Молодая женщина встала; глаза ее сверкали:
– Курт, ты говоришь мне незаслуженные вещи. Я вовсе не хотела огорчать тебя; было бы странно и несправедливо стараться обидеть друга, которого я люблю с детства. Я не поцеловала твоей руки, это правда.
Она остановилась на минуту, как бы стесняясь говорить; но затем, гордо подняв голову, прибавила:
– Я целовала руку Лео, но он был моей первой любовью, а ты, ты внушаешь мне совершенное иное чувство, чем он или твой отец. Я не вышла бы за тебя, если бы не любила; но чувство это нечто среднее между моей любовью к твоему отцу и к Виллибальду. Будущее зависит от тебя, Курт.

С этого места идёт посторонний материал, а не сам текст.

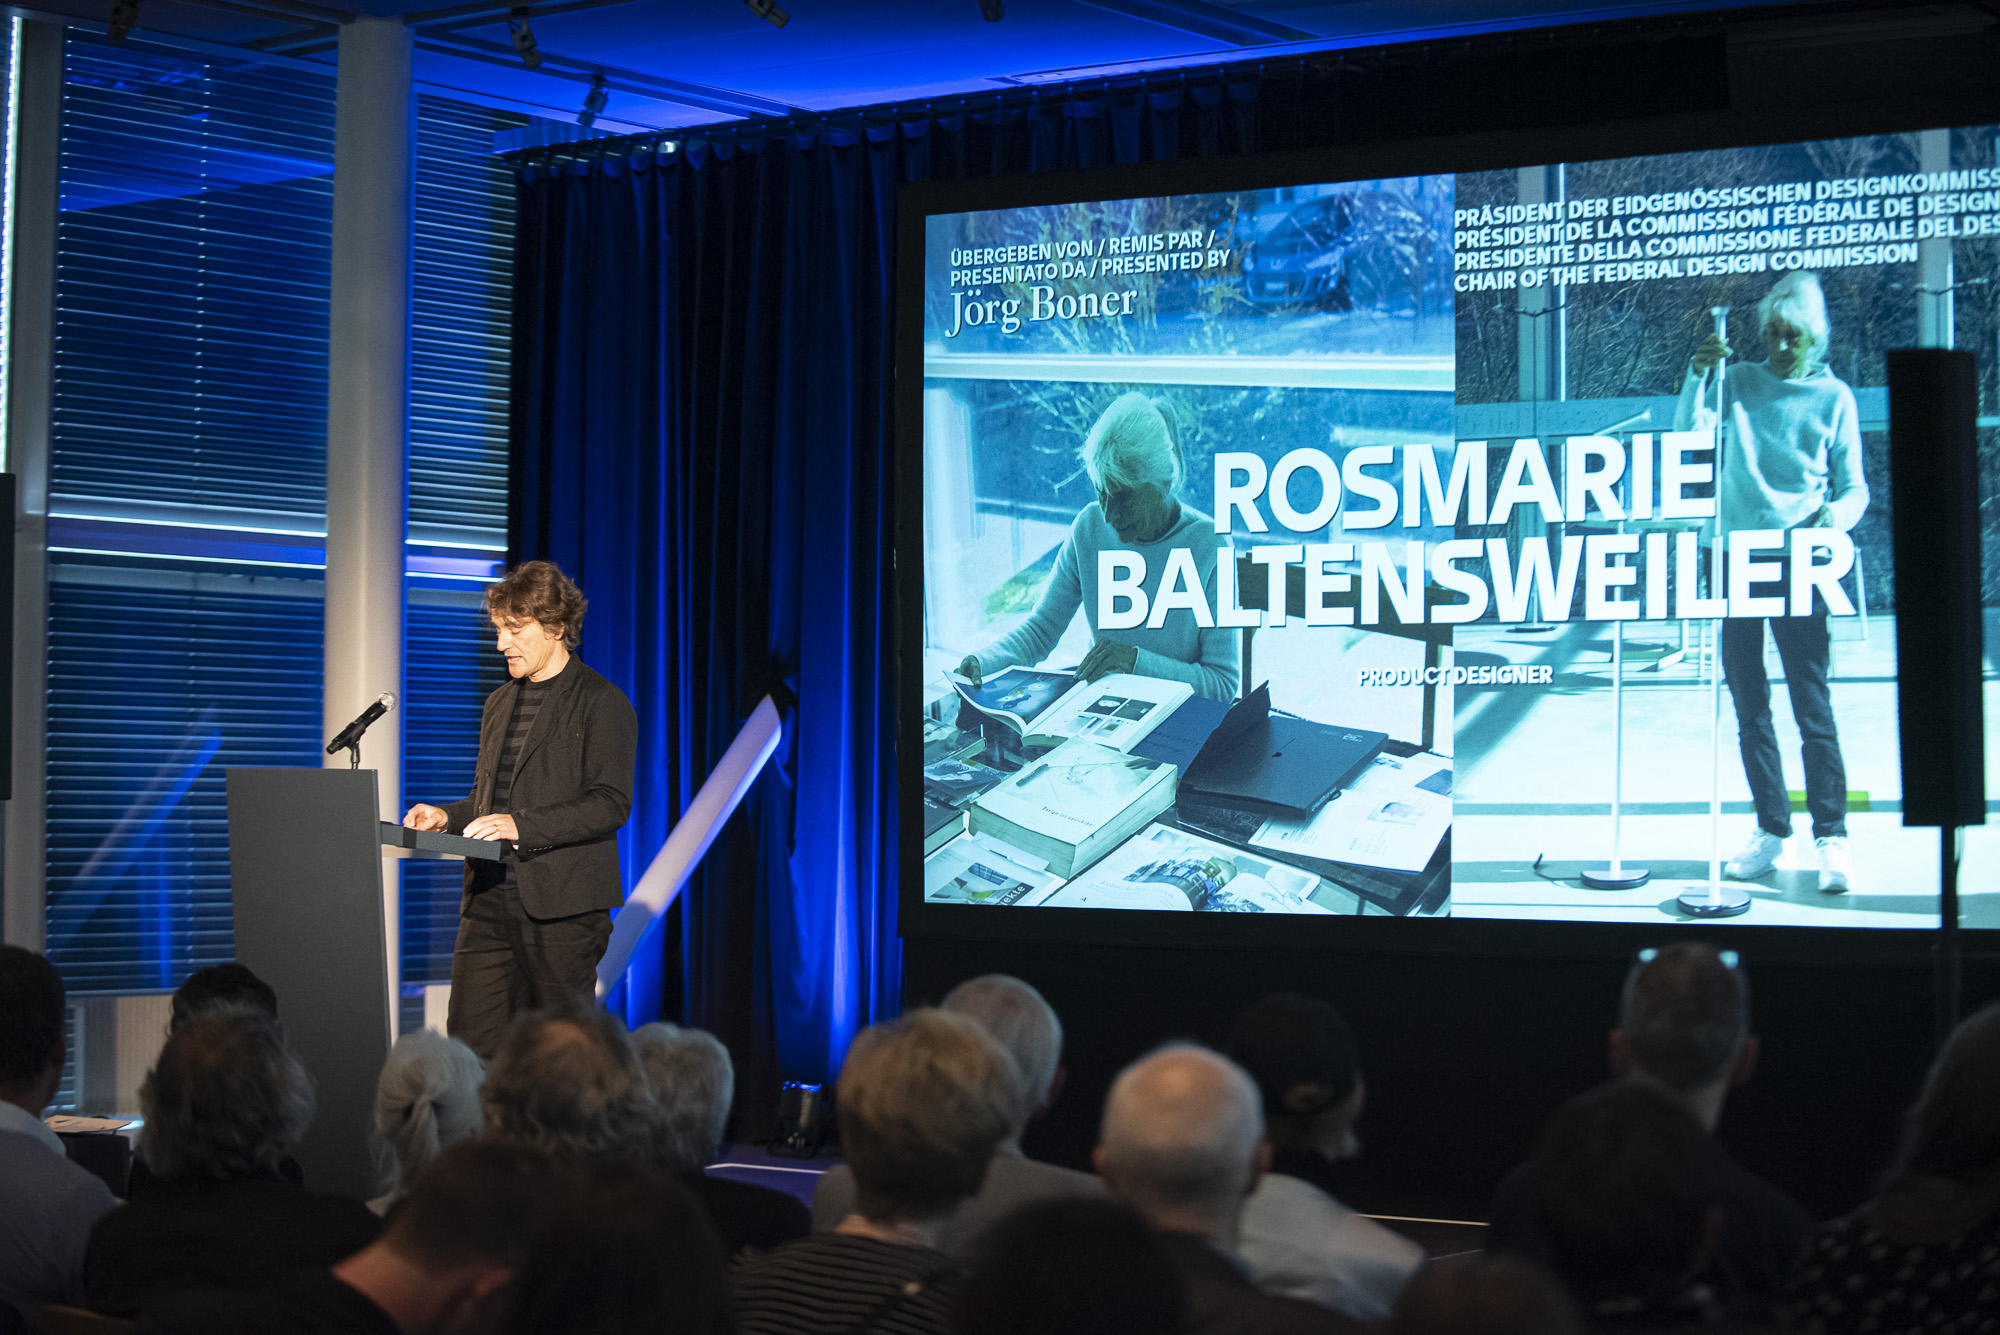 Swiss Design Awards ceremony, Jörg Boner presenting Rosmarie Baltensweiler

Она подошла и положила свою руку на его.
– Если ты будешь добр, я буду больше любить тебя и тогда первая покажу уважение к своему мужу и господину, почтительно целуя его руку перед прислугой.
Она кончила свою речь шутливой и кокетливой улыбкой. Лоб Курта расправился; он слишком ценил красоту Розалинды, чтобы вконец испортить ее настроение в первые часы их любви.
Бедный Курт, ему все очень скоро надоедало. Красивейшая женщина, преданнейший друг, самая интересная вещь, все ему надоедало, кроме его капризов, эгоизма, жадности, низости. Это никогда не было лишним: в них он черпал новые силы, чтобы делаться дурным. В данную минуту его интересовала новая игрушка.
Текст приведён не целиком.